**What to produce**: What is needed is an exact copy of the entries, with the pictures excluded.

**Records to process**:
....

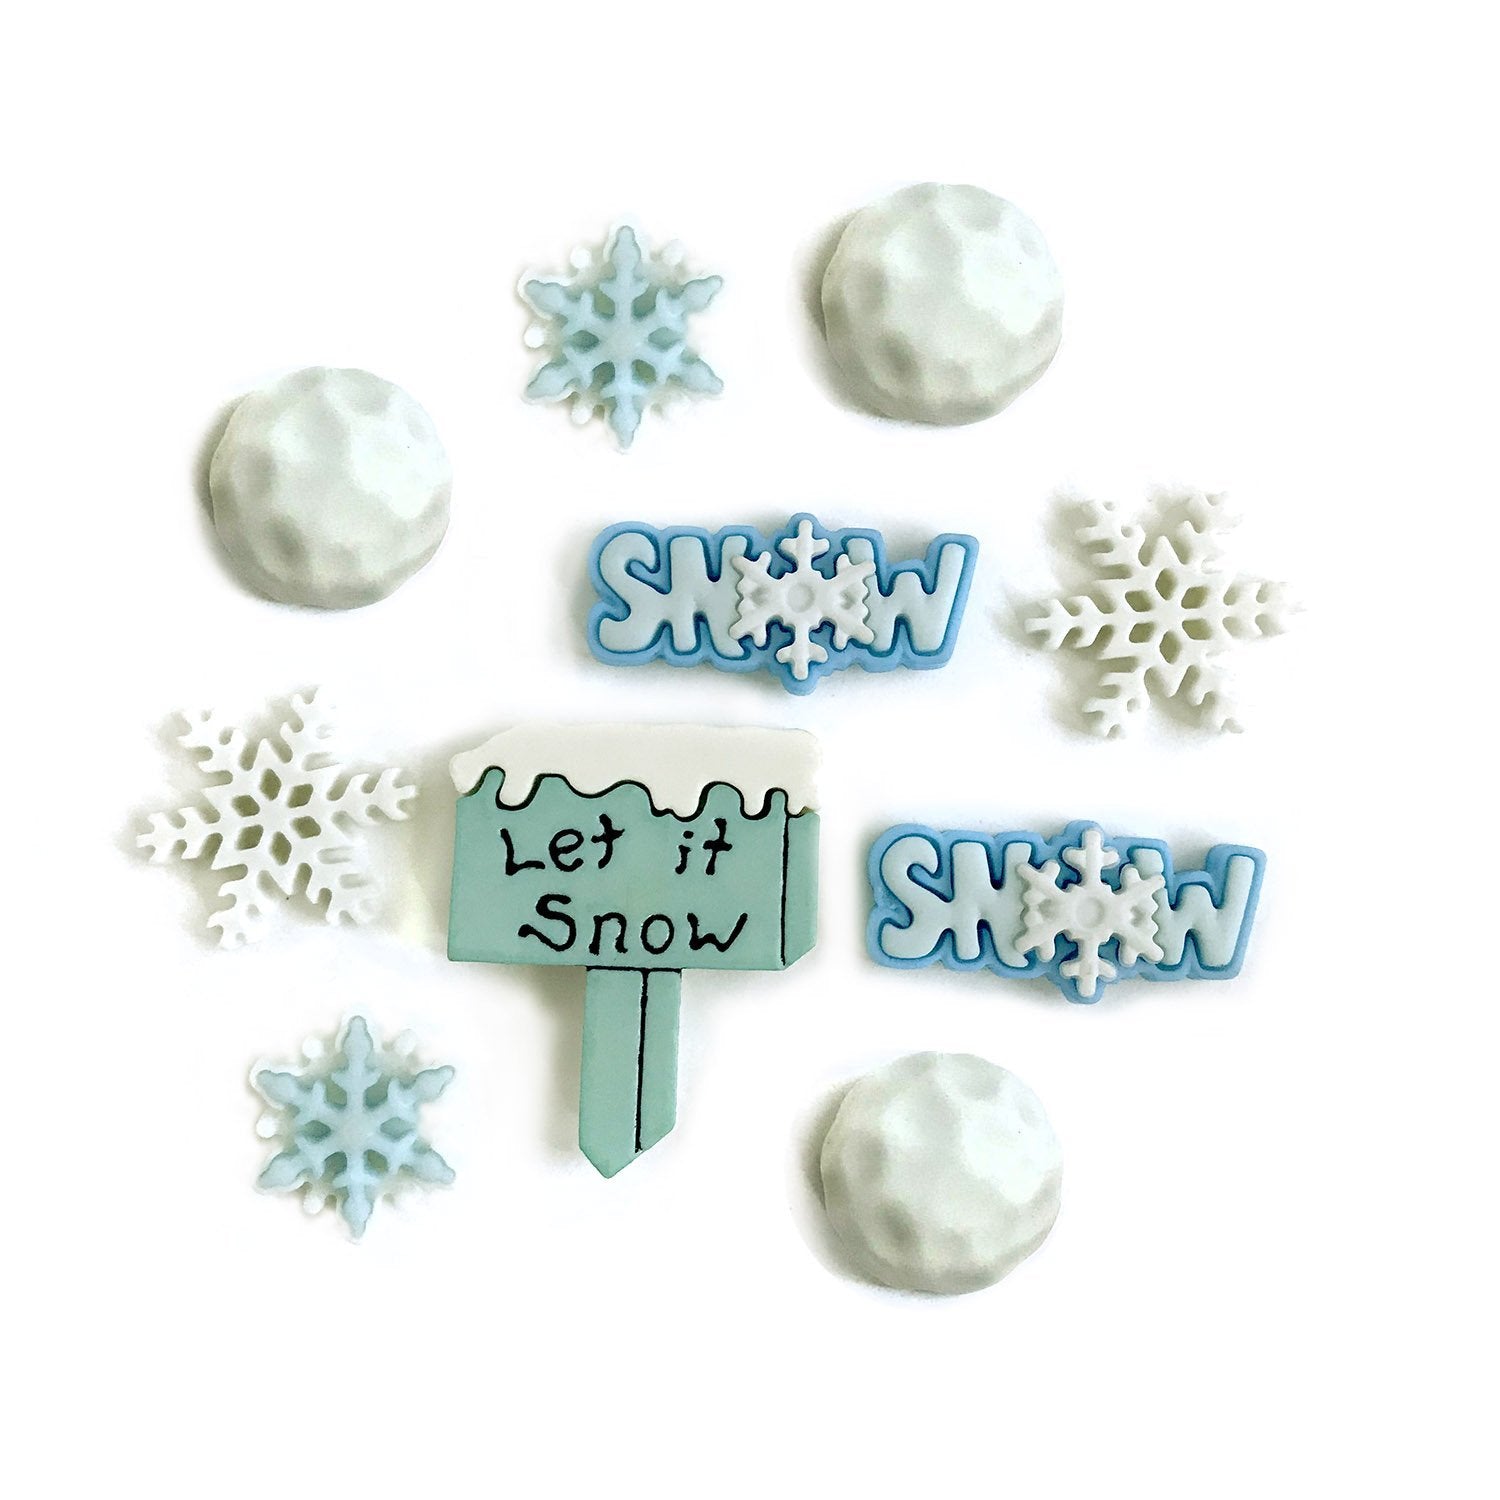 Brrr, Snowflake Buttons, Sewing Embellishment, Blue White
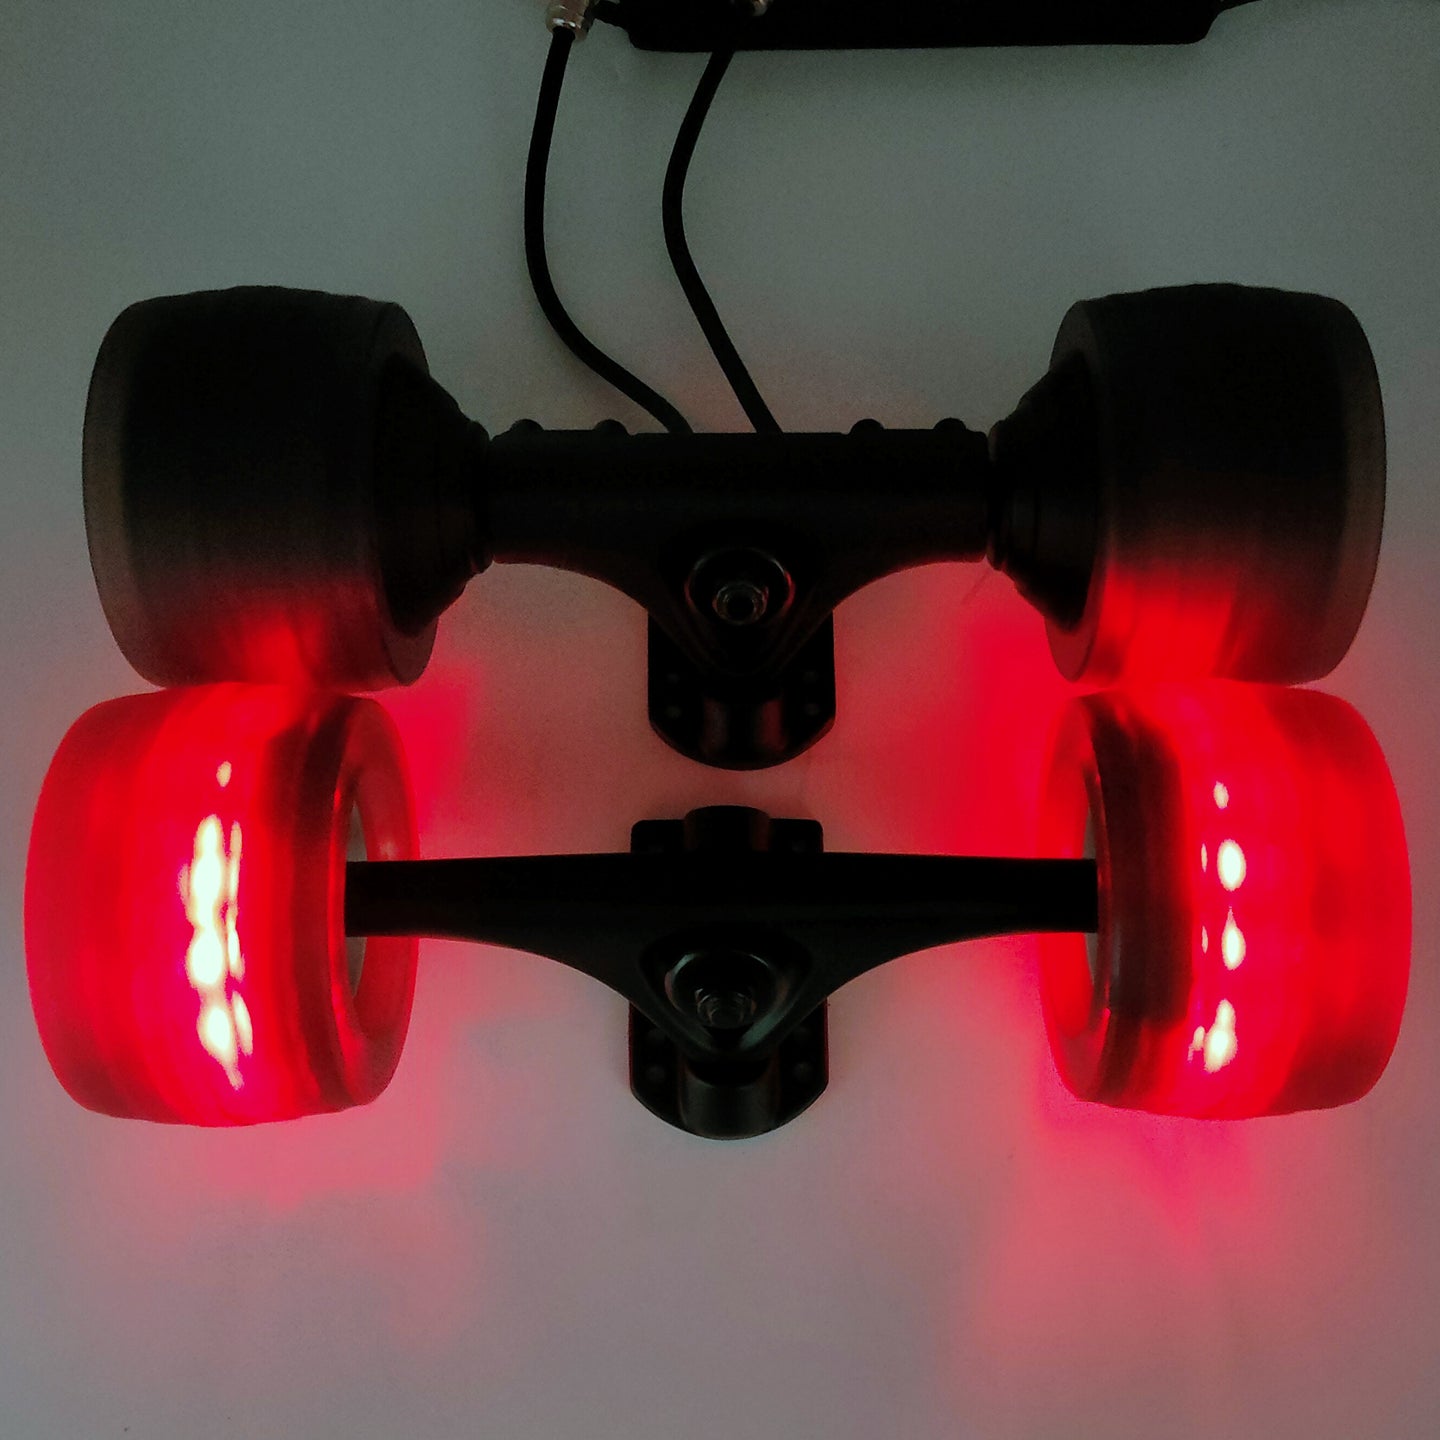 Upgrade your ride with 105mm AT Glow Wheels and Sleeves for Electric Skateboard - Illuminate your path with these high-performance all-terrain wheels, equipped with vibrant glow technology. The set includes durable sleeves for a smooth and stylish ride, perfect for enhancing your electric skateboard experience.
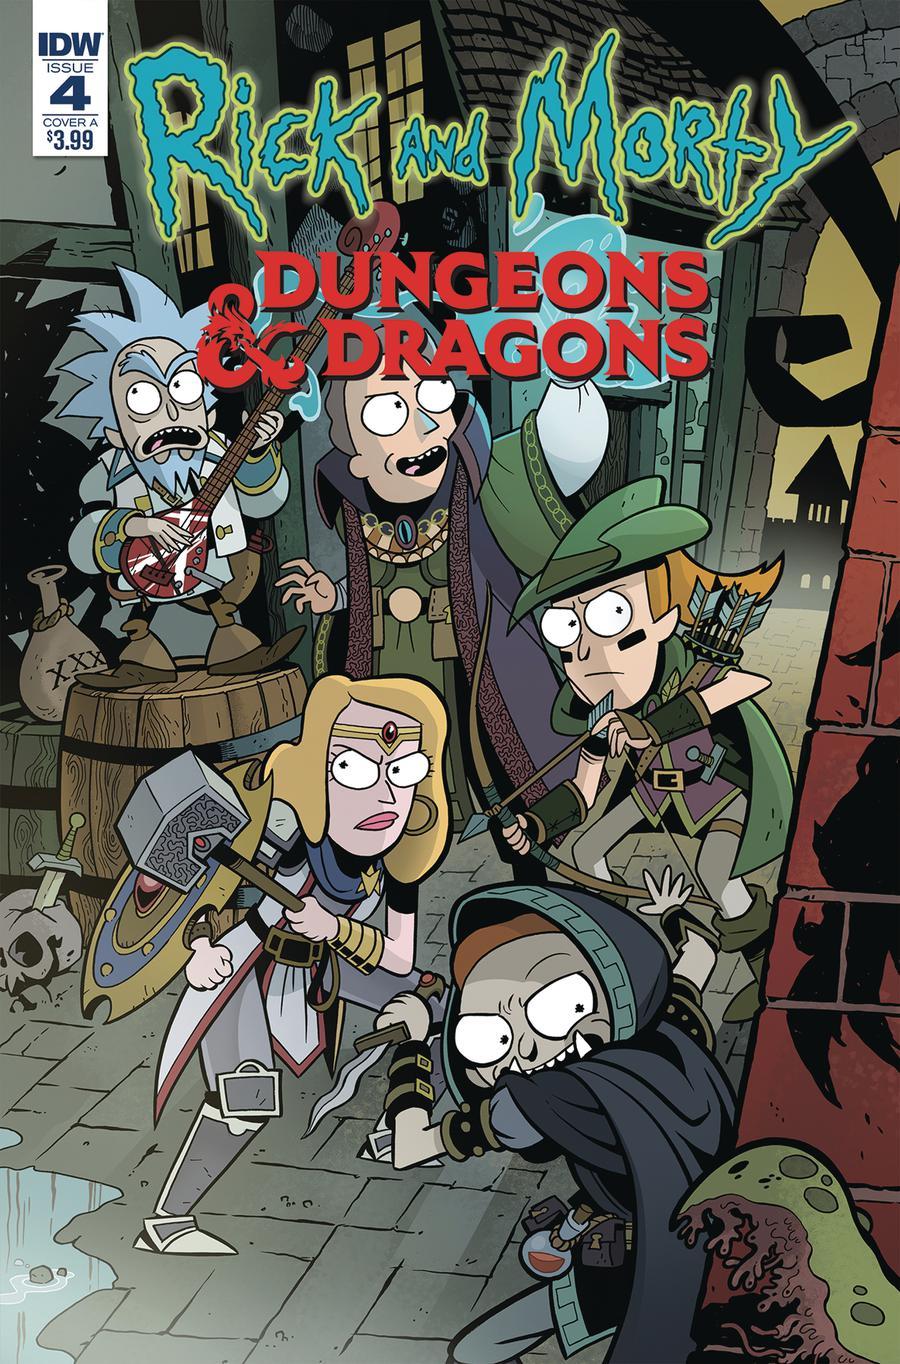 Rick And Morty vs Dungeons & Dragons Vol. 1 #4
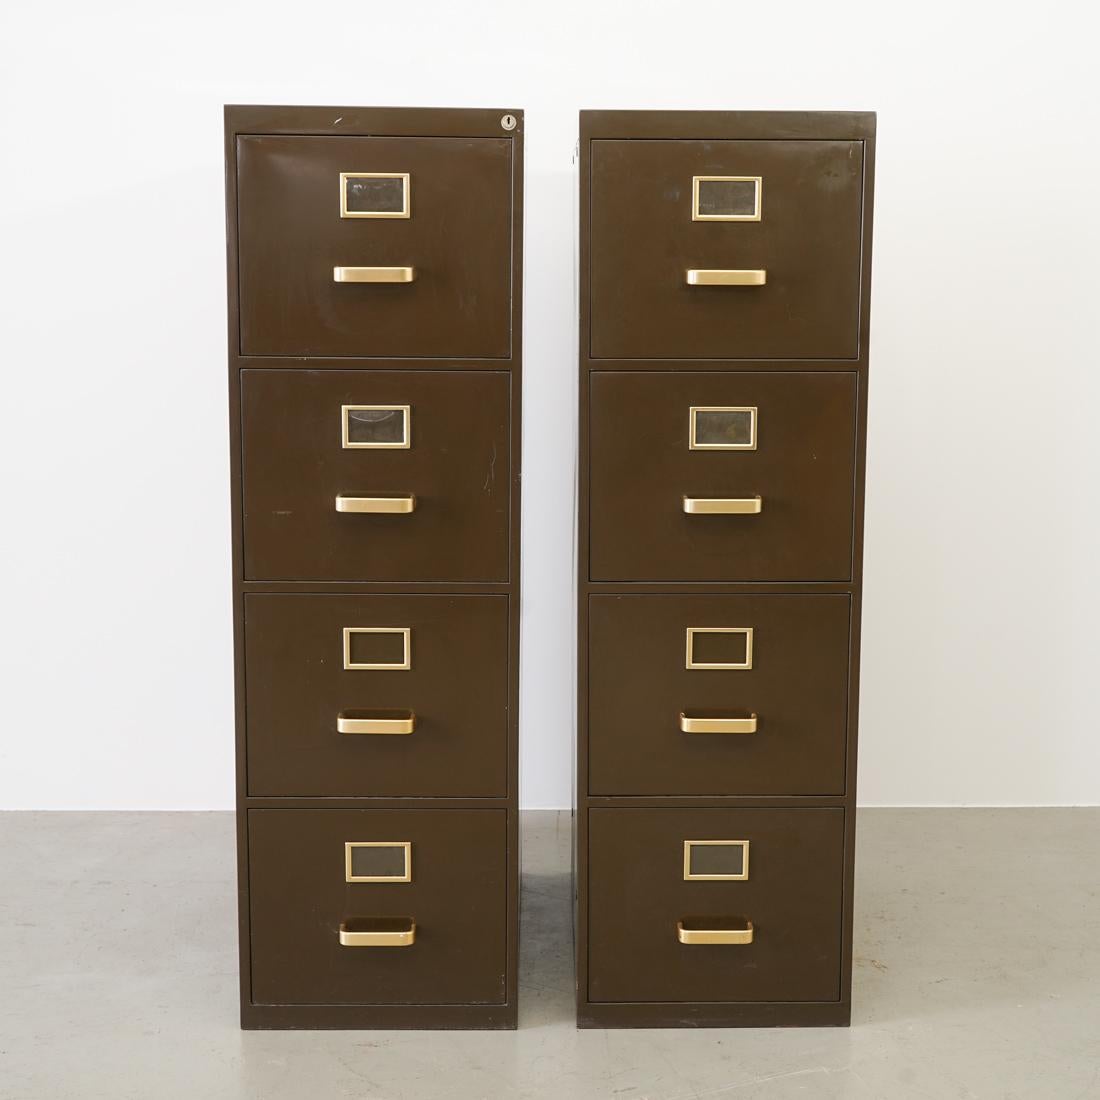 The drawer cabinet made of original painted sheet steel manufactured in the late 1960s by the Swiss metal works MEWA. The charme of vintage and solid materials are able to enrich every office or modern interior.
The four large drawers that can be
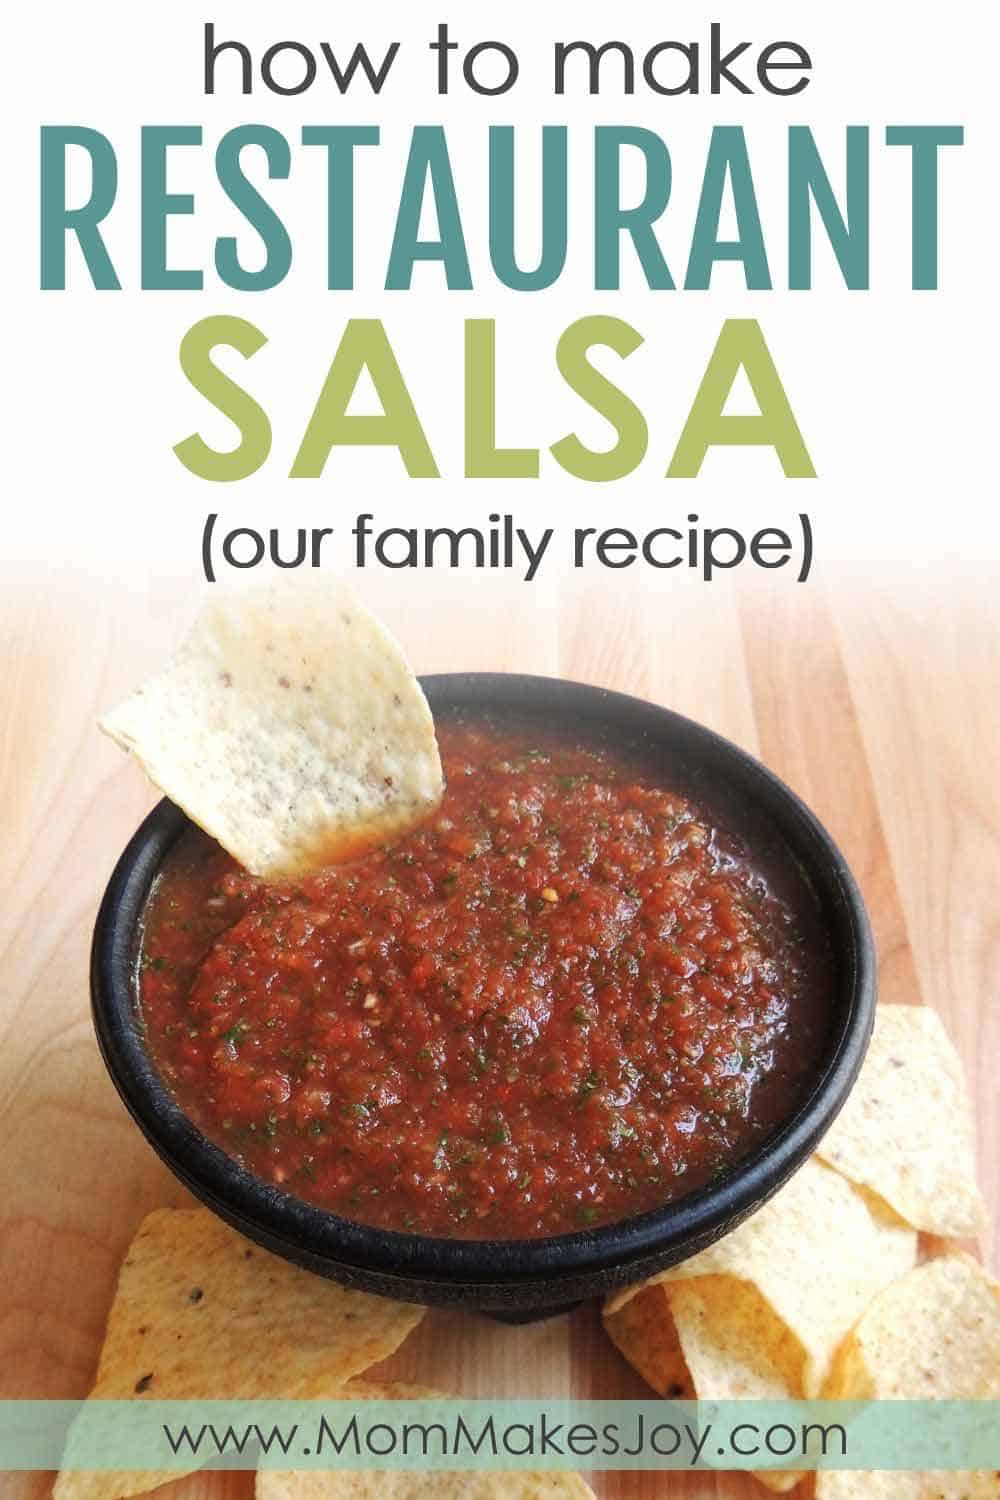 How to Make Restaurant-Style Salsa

....

**Reply**:
 Brrr, Snowflake Buttons, Sewing Embellishment, Blue White
 Upgrade your ride with 105mm AT Glow Wheels and Sleeves for Electric Skateboard - Illuminate your path with these high-performance all-terrain wheels, equipped with vibrant glow technology. The set includes durable sleeves for a smooth and stylish ride, perfect for enhancing your electric skateboard experience.
 Rick And Morty vs Dungeons & Dragons Vol. 1 #4
 The drawer cabinet made of original painted sheet steel manufactured in the late 1960s by the Swiss metal works MEWA. The charme of vintage and solid materials are able to enrich every office or modern interior.
The four large drawers that can be
 How to Make Restaurant-Style Salsa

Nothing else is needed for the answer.